• Raw data:
++++++

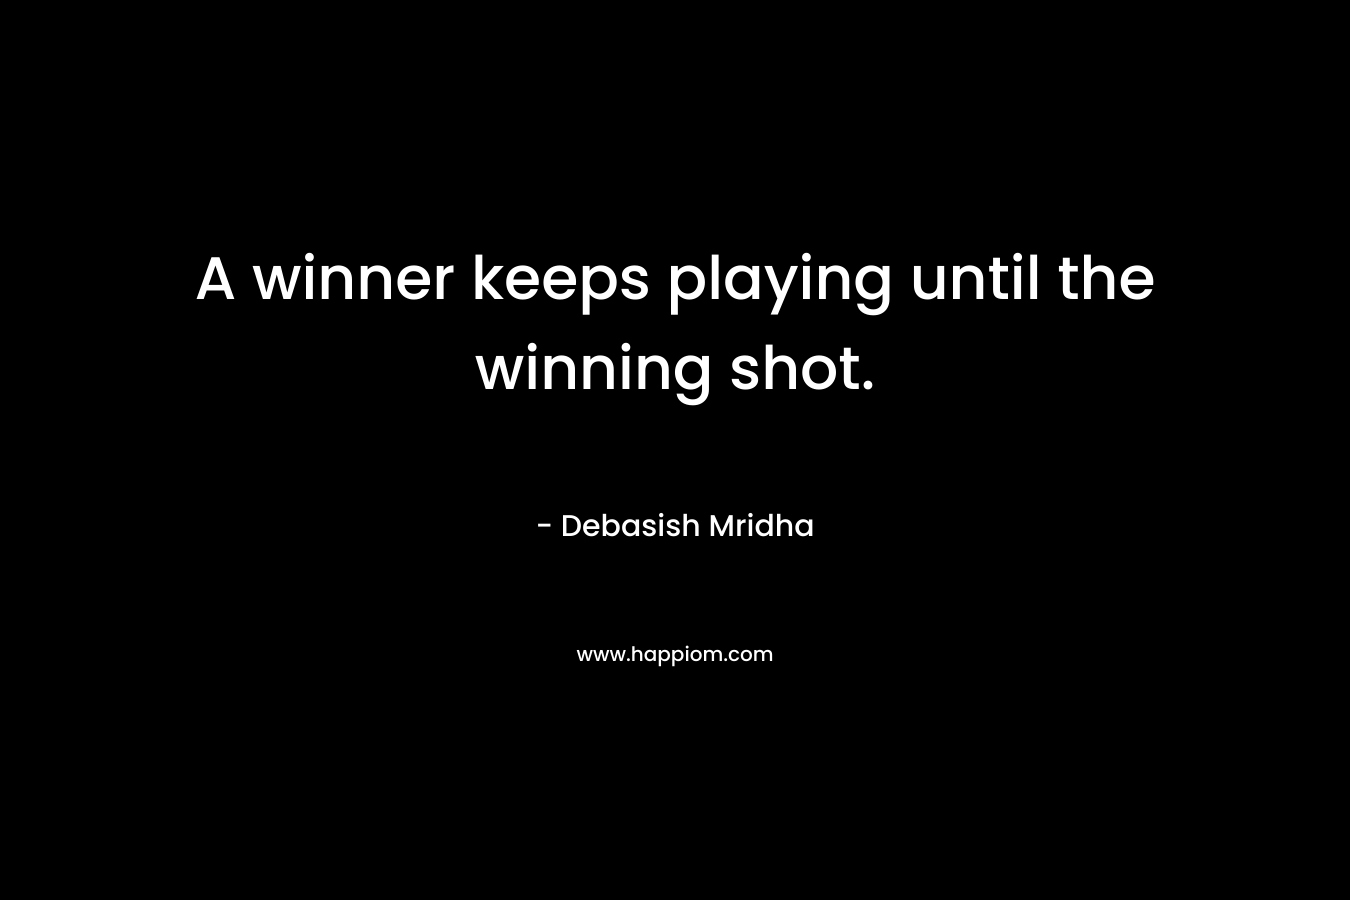 A winner keeps playing until the winning shot.
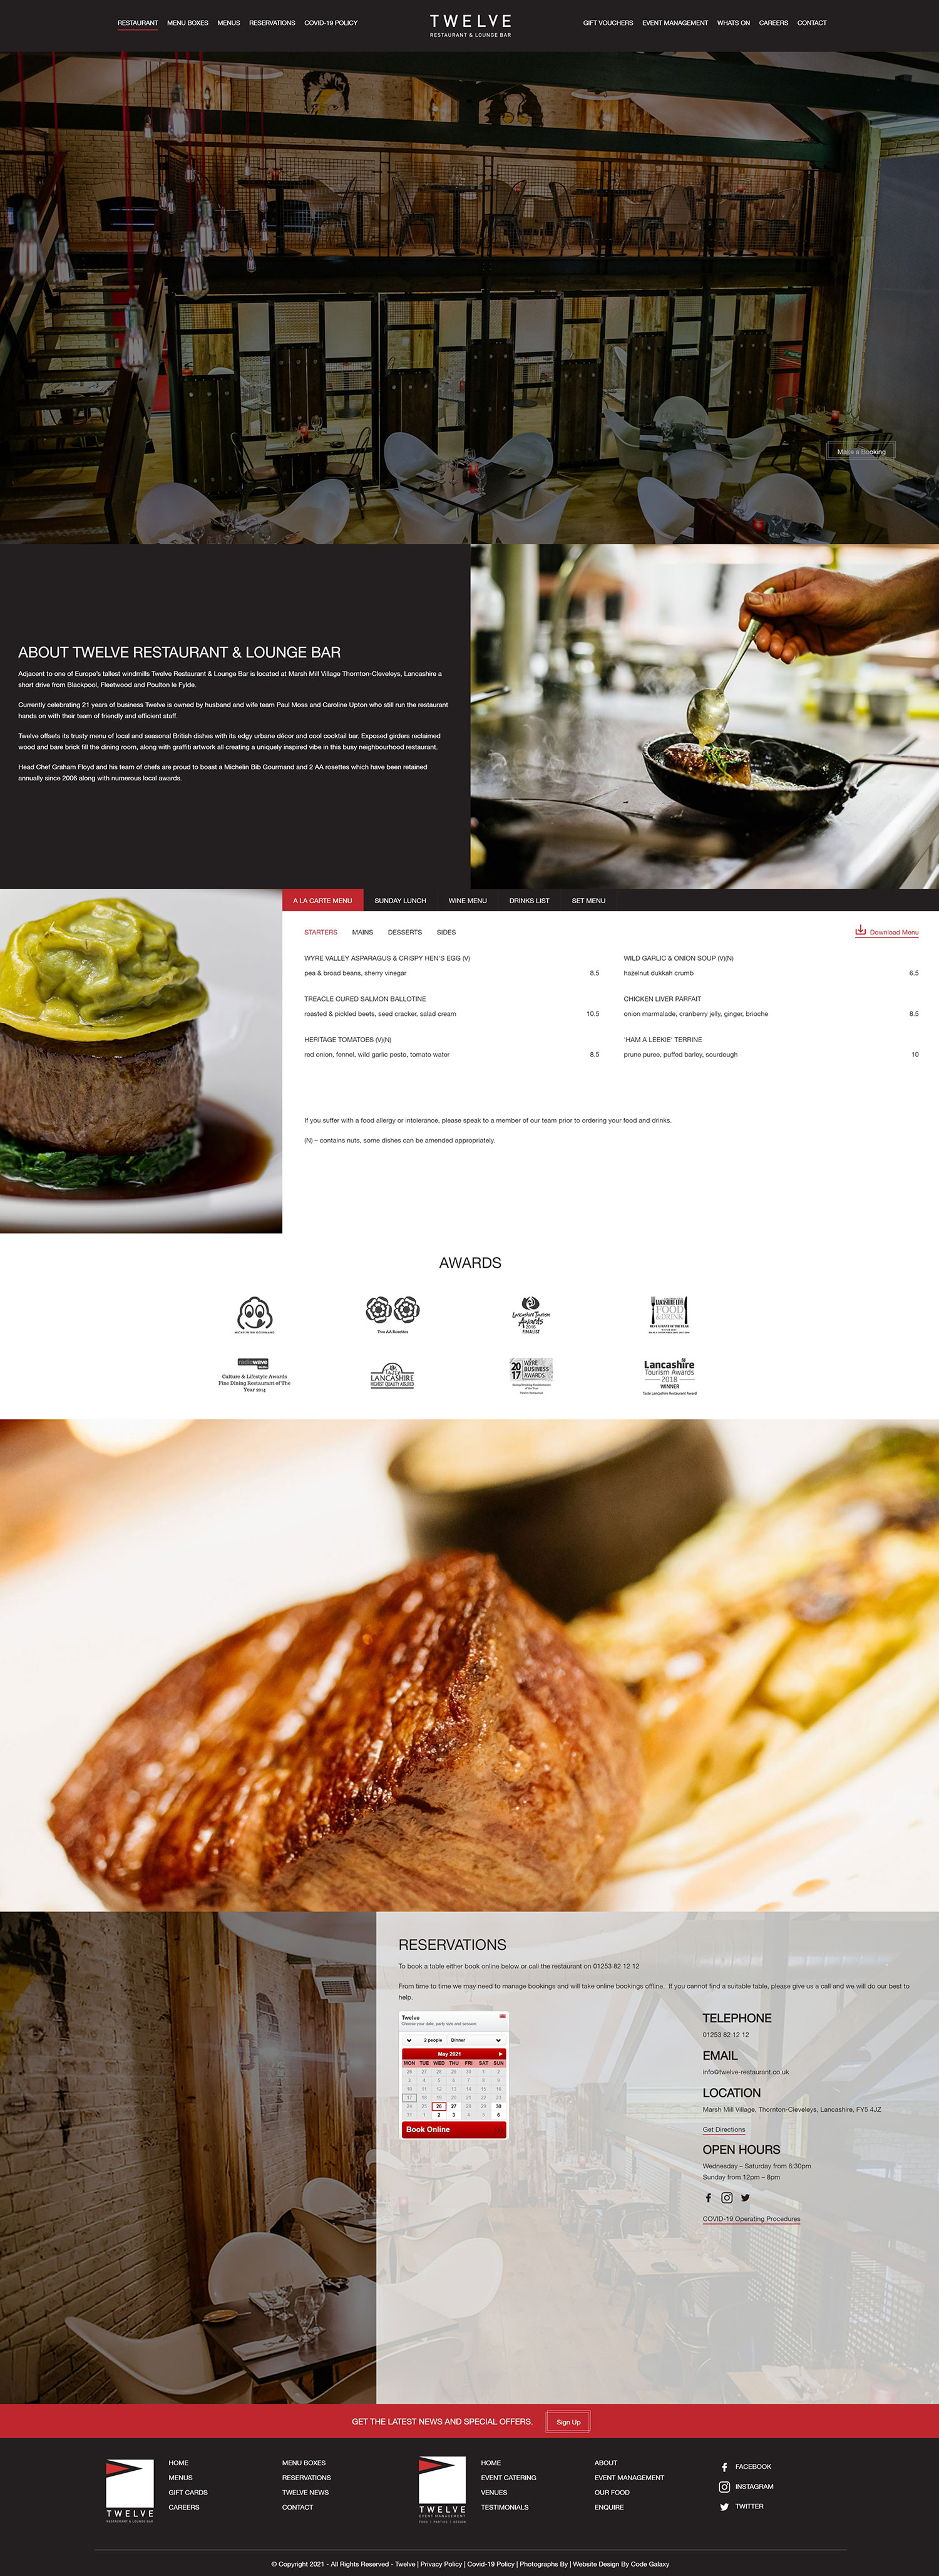 twleve restaurant bespoke website design
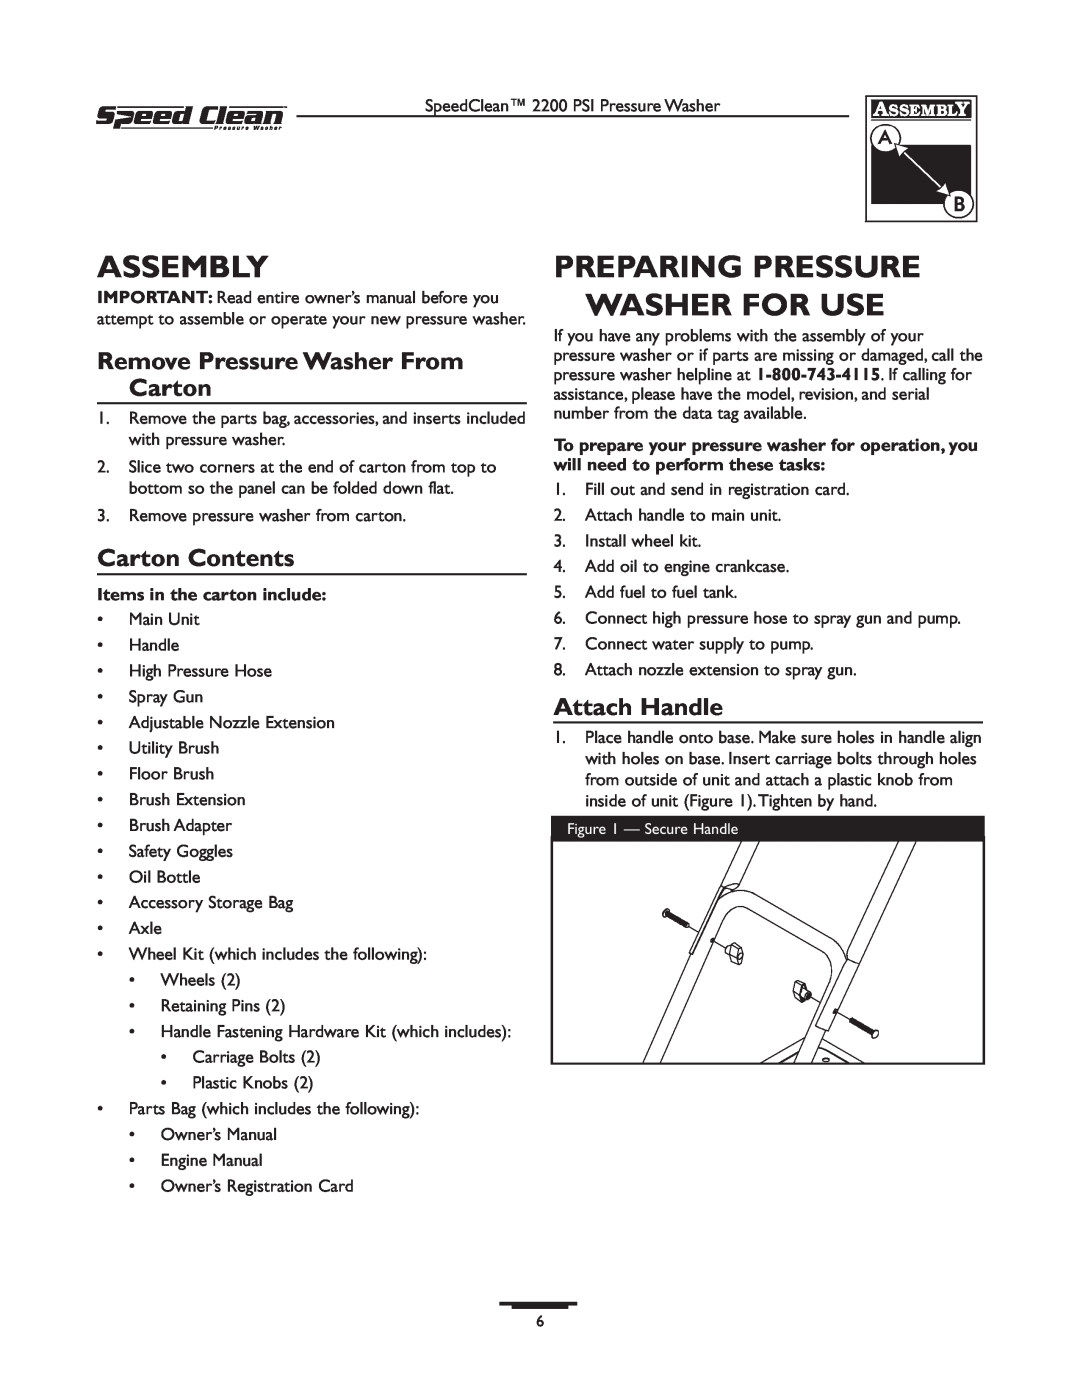 Briggs & Stratton 020239-1 Assembly, Preparing Pressure Washer For Use, Remove Pressure Washer From Carton, Attach Handle

++++++

• What is being asked: Nothing but the pictures should be left out when the listing above is transcribed.

• Task output:
 A winner keeps playing until the winning shot.
 twleve restaurant bespoke website design
 Briggs & Stratton 020239-1 Assembly, Preparing Pressure Washer For Use, Remove Pressure Washer From Carton, Attach Handle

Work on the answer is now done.